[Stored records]
▽

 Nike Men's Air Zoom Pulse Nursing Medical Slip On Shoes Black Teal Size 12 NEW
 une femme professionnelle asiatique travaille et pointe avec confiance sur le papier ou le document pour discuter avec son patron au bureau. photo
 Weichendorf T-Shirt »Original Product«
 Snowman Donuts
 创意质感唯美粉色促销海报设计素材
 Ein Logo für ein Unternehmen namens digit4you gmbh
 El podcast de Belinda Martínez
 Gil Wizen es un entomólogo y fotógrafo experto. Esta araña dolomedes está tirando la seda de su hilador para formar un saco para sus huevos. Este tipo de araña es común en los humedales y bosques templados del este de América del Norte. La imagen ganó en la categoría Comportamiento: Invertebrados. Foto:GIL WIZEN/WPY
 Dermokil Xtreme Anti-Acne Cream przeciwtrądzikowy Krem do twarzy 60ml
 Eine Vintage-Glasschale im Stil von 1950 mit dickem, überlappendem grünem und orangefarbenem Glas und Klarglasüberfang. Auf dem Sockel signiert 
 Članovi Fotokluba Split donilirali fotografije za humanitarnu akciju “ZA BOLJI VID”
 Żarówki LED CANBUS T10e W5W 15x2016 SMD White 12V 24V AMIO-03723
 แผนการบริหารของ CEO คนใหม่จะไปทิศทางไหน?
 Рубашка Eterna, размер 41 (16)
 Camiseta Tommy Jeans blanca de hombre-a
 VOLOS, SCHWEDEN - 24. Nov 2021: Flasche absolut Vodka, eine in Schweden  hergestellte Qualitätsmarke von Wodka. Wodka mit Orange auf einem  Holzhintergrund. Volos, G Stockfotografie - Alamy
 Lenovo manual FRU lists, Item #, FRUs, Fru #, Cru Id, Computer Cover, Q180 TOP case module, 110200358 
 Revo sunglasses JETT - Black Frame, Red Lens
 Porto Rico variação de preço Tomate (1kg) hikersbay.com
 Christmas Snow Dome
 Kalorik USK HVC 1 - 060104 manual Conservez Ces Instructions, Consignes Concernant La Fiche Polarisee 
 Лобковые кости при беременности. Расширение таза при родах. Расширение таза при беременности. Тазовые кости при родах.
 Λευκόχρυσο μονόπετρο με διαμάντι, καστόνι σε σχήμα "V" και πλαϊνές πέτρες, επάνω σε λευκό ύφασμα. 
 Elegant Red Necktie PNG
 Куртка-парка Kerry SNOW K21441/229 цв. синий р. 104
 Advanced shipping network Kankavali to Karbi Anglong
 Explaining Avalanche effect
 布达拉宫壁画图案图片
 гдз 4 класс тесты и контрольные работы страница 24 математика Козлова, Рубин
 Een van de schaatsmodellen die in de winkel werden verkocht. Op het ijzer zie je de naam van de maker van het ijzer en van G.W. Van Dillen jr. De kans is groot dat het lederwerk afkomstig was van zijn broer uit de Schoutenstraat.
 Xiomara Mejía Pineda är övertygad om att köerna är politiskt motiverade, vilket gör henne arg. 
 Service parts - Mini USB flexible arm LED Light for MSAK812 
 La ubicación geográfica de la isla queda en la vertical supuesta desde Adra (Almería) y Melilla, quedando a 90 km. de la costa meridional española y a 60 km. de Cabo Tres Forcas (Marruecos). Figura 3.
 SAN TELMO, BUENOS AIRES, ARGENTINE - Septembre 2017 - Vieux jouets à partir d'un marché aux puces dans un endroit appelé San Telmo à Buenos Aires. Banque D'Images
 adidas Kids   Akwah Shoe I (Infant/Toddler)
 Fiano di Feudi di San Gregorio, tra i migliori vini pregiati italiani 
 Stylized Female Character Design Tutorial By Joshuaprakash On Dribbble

△

Your goal> Your job is to write out the data exactly as it stands.

Exercise solution>
 Nike Men's Air Zoom Pulse Nursing Medical Slip On Shoes Black Teal Size 12 NEW
 une femme professionnelle asiatique travaille et pointe avec confiance sur le papier ou le document pour discuter avec son patron au bureau. photo
 Weichendorf T-Shirt »Original Product«
 Snowman Donuts
 创意质感唯美粉色促销海报设计素材
 Ein Logo für ein Unternehmen namens digit4you gmbh
 El podcast de Belinda Martínez
 Gil Wizen es un entomólogo y fotógrafo experto. Esta araña dolomedes está tirando la seda de su hilador para formar un saco para sus huevos. Este tipo de araña es común en los humedales y bosques templados del este de América del Norte. La imagen ganó en la categoría Comportamiento: Invertebrados. Foto:GIL WIZEN/WPY
 Dermokil Xtreme Anti-Acne Cream przeciwtrądzikowy Krem do twarzy 60ml
 Eine Vintage-Glasschale im Stil von 1950 mit dickem, überlappendem grünem und orangefarbenem Glas und Klarglasüberfang. Auf dem Sockel signiert 
 Članovi Fotokluba Split donilirali fotografije za humanitarnu akciju “ZA BOLJI VID”
 Żarówki LED CANBUS T10e W5W 15x2016 SMD White 12V 24V AMIO-03723
 แผนการบริหารของ CEO คนใหม่จะไปทิศทางไหน?
 Рубашка Eterna, размер 41 (16)
 Camiseta Tommy Jeans blanca de hombre-a
 VOLOS, SCHWEDEN - 24. Nov 2021: Flasche absolut Vodka, eine in Schweden  hergestellte Qualitätsmarke von Wodka. Wodka mit Orange auf einem  Holzhintergrund. Volos, G Stockfotografie - Alamy
 Lenovo manual FRU lists, Item #, FRUs, Fru #, Cru Id, Computer Cover, Q180 TOP case module, 110200358 
 Revo sunglasses JETT - Black Frame, Red Lens
 Porto Rico variação de preço Tomate (1kg) hikersbay.com
 Christmas Snow Dome
 Kalorik USK HVC 1 - 060104 manual Conservez Ces Instructions, Consignes Concernant La Fiche Polarisee 
 Лобковые кости при беременности. Расширение таза при родах. Расширение таза при беременности. Тазовые кости при родах.
 Λευκόχρυσο μονόπετρο με διαμάντι, καστόνι σε σχήμα "V" και πλαϊνές πέτρες, επάνω σε λευκό ύφασμα. 
 Elegant Red Necktie PNG
 Куртка-парка Kerry SNOW K21441/229 цв. синий р. 104
 Advanced shipping network Kankavali to Karbi Anglong
 Explaining Avalanche effect
 布达拉宫壁画图案图片
 гдз 4 класс тесты и контрольные работы страница 24 математика Козлова, Рубин
 Een van de schaatsmodellen die in de winkel werden verkocht. Op het ijzer zie je de naam van de maker van het ijzer en van G.W. Van Dillen jr. De kans is groot dat het lederwerk afkomstig was van zijn broer uit de Schoutenstraat.
 Xiomara Mejía Pineda är övertygad om att köerna är politiskt motiverade, vilket gör henne arg. 
 Service parts - Mini USB flexible arm LED Light for MSAK812 
 La ubicación geográfica de la isla queda en la vertical supuesta desde Adra (Almería) y Melilla, quedando a 90 km. de la costa meridional española y a 60 km. de Cabo Tres Forcas (Marruecos). Figura 3.
 SAN TELMO, BUENOS AIRES, ARGENTINE - Septembre 2017 - Vieux jouets à partir d'un marché aux puces dans un endroit appelé San Telmo à Buenos Aires. Banque D'Images
 adidas Kids   Akwah Shoe I (Infant/Toddler)
 Fiano di Feudi di San Gregorio, tra i migliori vini pregiati italiani 
 Stylized Female Character Design Tutorial By Joshuaprakash On Dribbble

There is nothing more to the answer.